Huge pushback from the New-Green-Deal folks on J. Franzen New Yorker article.

"What If We Stopped Pretending?
The climate apocalypse is coming. To prepare for it, we need to admit that we can’t prevent it."

I think most of them did not understand what they read.

This is the key passage imo:
"In this respect, any movement toward a more just and civil society can now be considered a meaningful climate action. Securing fair elections is a climate action. Combating extreme wealth inequality is a climate action. Shutting down the hate machines on social media is a climate action. Instituting humane immigration policy, advocating for racial and gender equality, promoting respect for laws and their enforcement, supporting a free and independent press, ridding the country of assault weapons—these are all meaningful climate actions. To survive rising temperatures, every system, whether of the natural world or of the human world, will need to be as strong and healthy as we can make it."

iow ... be environmentally conscious in action but can the false hope and make the focus on how to share what's left

The Mound of Sound said...

NPoV - what you're describing is the core philosophy of the Dark Mountain movement that I joined several years ago. It is stated to be for those tired of listening to the lies society tells itself. Its adherents recognize that we're not constituted to effectively thwart catastrophic climate change and yet it remains important to keep fighting - just without fanciful illusions.

One of those lies is that climate change is some standalone threat when it's actually a symptom of a more complex and ultimately lethal problem - mankind's failure to find a path to live in sustainable harmony with a seriously overburdened planet.

No one is asking the essential questions - how many humans can Earth sustainably support, how much consumption/pollution can the environment bear, how must we organize ourselves from here on in?

We are still in the grasp of 18th century economics, 19th century industrialism and 20th century geopolitics, models that served us reasonably well until the 1970s when we first outgrew the planet. Since then they've become a measure of our fatal dysfunction.
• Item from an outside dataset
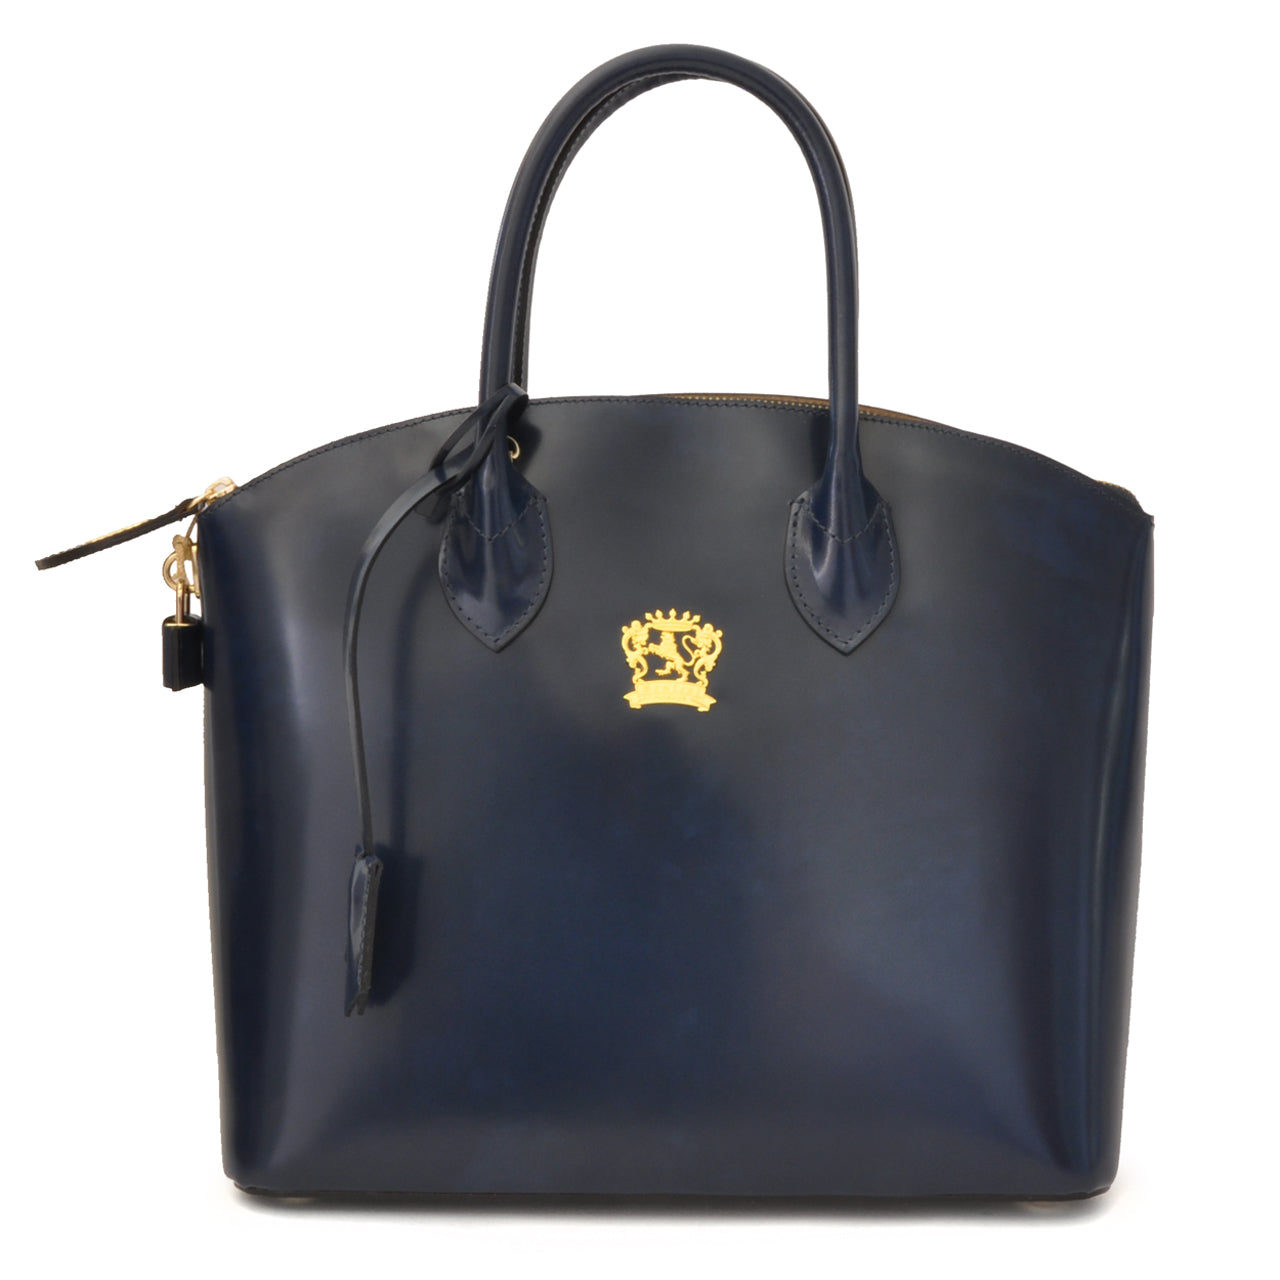 Pratesi Versilia Woman Bag R348 - Brunelleschi Leather Blue

The real problem is that we fail to acknowledge this basket of existential threats or that, unless we resolve them all, we shall fail to solve any of them.

The moral obligation to resist, to fight back, is not diminished by accepting that we're on a path that holds no chance of averting catastrophe.

Northern PoV said...

And this is the essential action
"how must we organize ourselves from here on?"

all else flows from that (including smaller carbon footprints)

Given the current state of, how-must-we-organize-ourselves,
(tRump, Bolosarno, Bojo, Modi, Xi, Putin, our own "PM" Freeland, etc etc)
it is going to be a tough slog.

Anonymous said...

And so we slip from climate change denial straight to "it's impossible to do anything about it." In that case, I'm sure CAPP will say we may as well go out in a blaze of bitumen glory.